Обыкновенный русский роман (Енотов) - страница 10

— «Для Ольги»? Что это? — уже обуваясь, спросил он. Разумеется, он заметил надпись много раньше, но тогда было не до этого.

— Да так, обещал ей скинуть кое-что и записал, чтоб не забыть.

Папа промолчал — в его похмельной голове не родился вопрос: «Зачем ради простого напоминания портить обои в съемной квартире, да еще на самом видном месте?». Мы обнялись, попрощались, и он ушел.

Закрыв дверь, я тут же отправился на кухню и взял нож. Наверное, если бы письмо Ольге все-таки было написано и отослано, я бы зарезал себя, не вынеся позора, но на деле досталось только обоям.


* * *

В детстве мама читала мне Библию на ночь, хотя была мусульманкой. Лучше бы читала Коран — я все равно ничего не понимал, зато она, может быть, усвоила бы мысль о порочности ростовщичества. Муххамед называл лихву среди семи самых губительных грехов, а позднее исламские богословы раскрыли тезис о ее недопустимости еще более изящно, указав, что человек, дающий деньги в рост, фактически торгует временем, тогда как оно является прямой собственностью Аллаха.

Мама была процентщицей: ссужала деньги, одалживая для этого у других, не подозревающих о целях займа, людей (одалживала, разумеется, беспроцентно). Не знаю, откуда у татарской девчонки, которая была первым городским поколением в своей семье и даже школу толком не закончила, появилась эта гениальная мысль о возможности зарабатывать на «круговороте денег в природе» — не вкладывая ни копейки, а всего лишь перекладывая чужие банкноты из одного кармана в другой. Это как использование ветра мельником, только даже мельницу строить не надо. Будто предчувствуя скорое установление в России капитализма, мама еще в конце перестройки сделала ставку на важнейший для этой социально-экономической формации фактор производства — нет, не капитал — обман (в теории именующийся «предпринимательскими способностями»).

Ее посадили по статье «мошенничество» в 91-м, когда мне было три года, и в течение шести лет я видел ее только раз в несколько месяцев — на свиданиях.

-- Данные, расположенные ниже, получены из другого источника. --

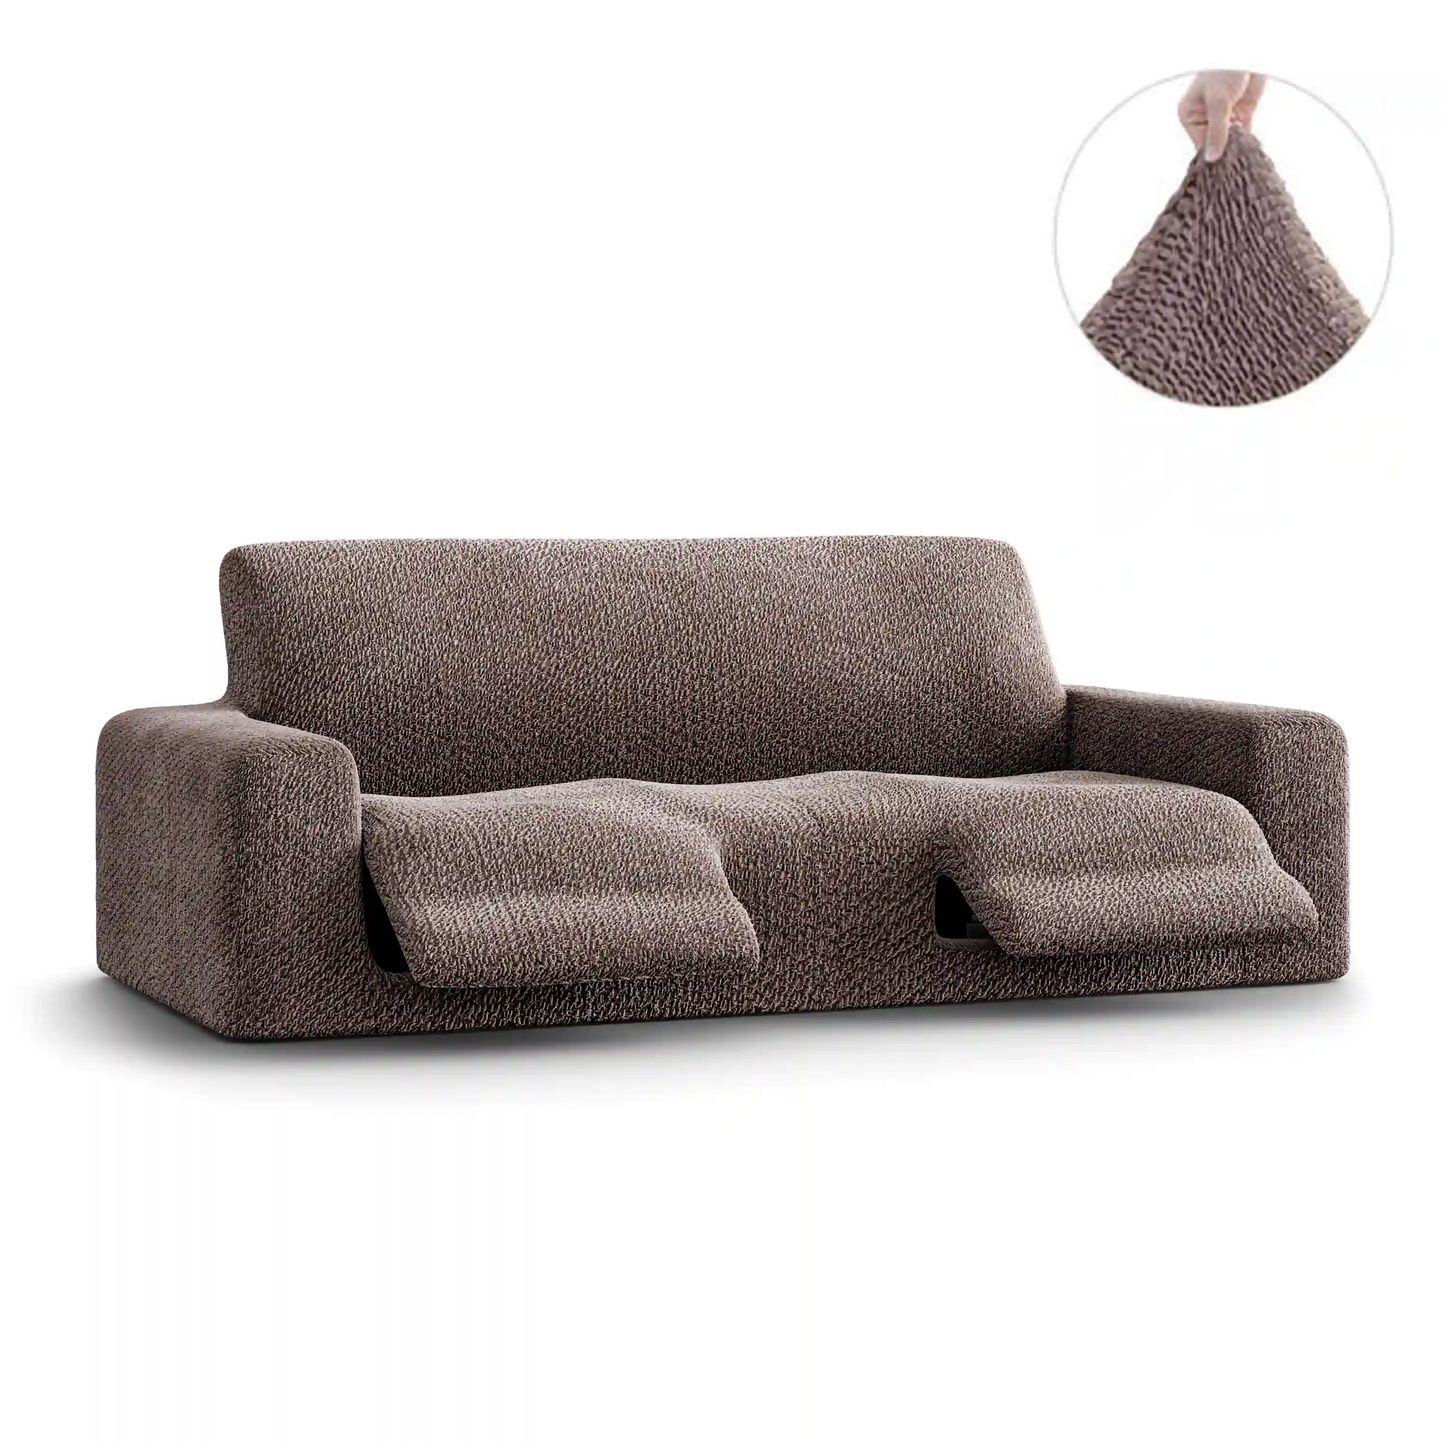 3 Seater Recliner Sofa Cover - Brown, Velvet

Потом она вышла, начала торговать на рынке и вскоре открыла свою точку, затем еще одну и еще, наконец одолжила у разных людей кучу денег на какой-то амбициозный и вряд ли вполне легальный бизнес-проект, погорела и стала скрываться. Маме было едва за тридцать — молодая, красивая, муж, дети — можно забыть об ошибках прошлого и начать новую жизнь, но какая-то иррациональная, мистическая тяга к игре с фортуной не давала покоя ее душе. Точно так же ее брат Рустик, будучи талантливым спортсменом, неглупым и творчески одаренным человеком, стал торговать наркотиками, сам вскоре сел на иглу и угодил за решетку, а когда вышел на свободу, как ни в чем не бывало, продолжил свой bad trip. Родовой порок или просто дух времени, черт знает.